Myanmar official sources said the man had succeeded in meeting Aung San Suu Kyi during his time at the house before he was arrested in the early hours of May 6 while swimming back across the lake.
The newspaper said authorities confiscated his passport and a black haversack, torch, folding pliers, a camera, two US 100-dollar bills and some Myanmar currency notes.
In an editorial, The Irrawaddy, a Burma-oriented magazine in Thailand, says Yettaw is the latest self-appointed savior to dabble in Burmese politics. Other foreigners have joined rebel groups or staged solo protests in order to publicize pro-democracy causes. Some Burmese suspect an elaborate conspiracy to extend Suu Kyi's detention but a more likely explanation, argues Irrawadddy editor Aung Zaw, is that Yettaw acted alone.
The American had also turned up in Thailand; he met with some exiled Burmese groups and reportedly told them he was working on a faith-based book on heroism.
They said he is interested in Burma's plight; that his heart is in right place even if his head is not.
And this is exactly what belies the passion of his action – that he did not think it through; that he did not consider the consequences.
If the regime leaders were looking for an excuse to extend Suu Kyi's house arrest, he has given them one on a plate.
After years of isolating Burma, the US government seems ready to try a different tack, nudged by humanitarian agencies seeking access to a poor, disease-prone population.

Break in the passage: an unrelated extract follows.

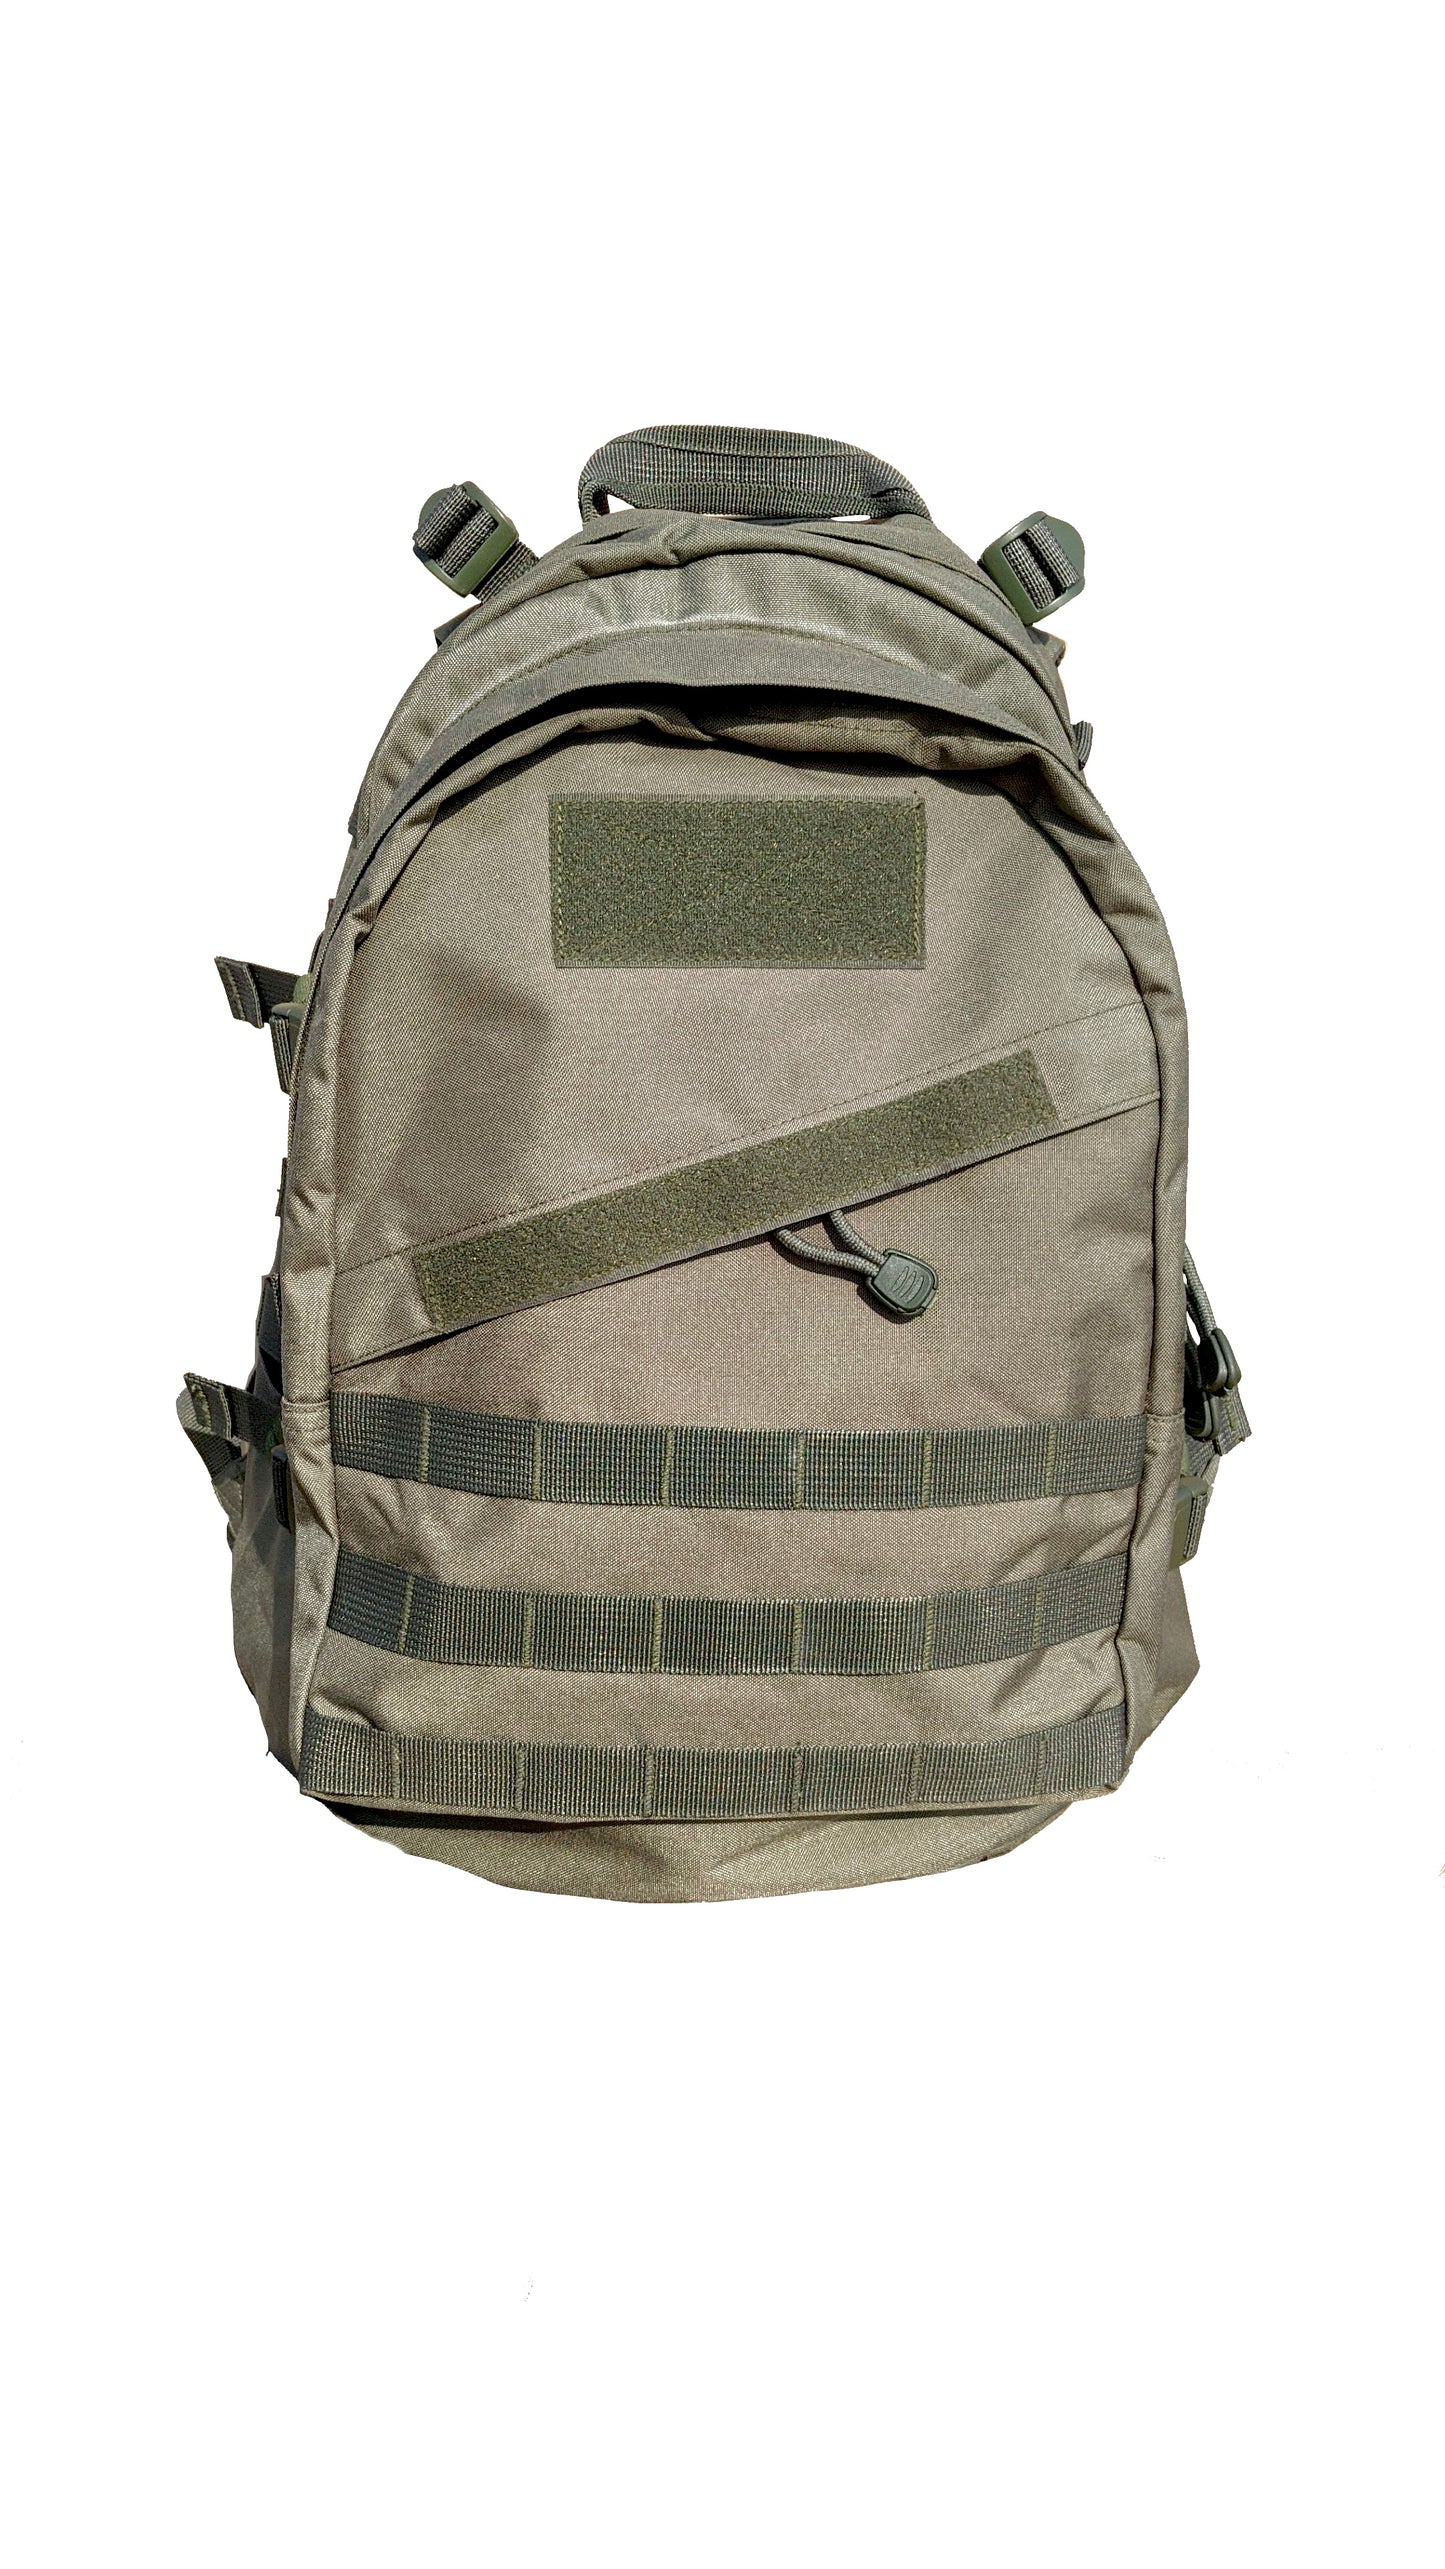 Specter Defense 3 Day Tactical Assault Bag

In March, a senior US diplomat traveled to Burma's capital Naypyidaw and met senior government officials there, The New York Times reported. Secretary of State Hillary Clinton has ordered a review of US policy towards Burma, complaining that neither the path of sanctions nor efforts to engage the regime had born fruit.
Another bout of detention of Suu Kyi would further hurt the credibility of national elections due to be held next year, Time says. The military says the polls would be the final step in its road map to democracy. But top posts have been reserved for the military, which is determined not to repeat the embarrassing defeat in 1990. Many opposition activists are in jail and their parties face an uphill battle to campaign freely against pro-government candidates.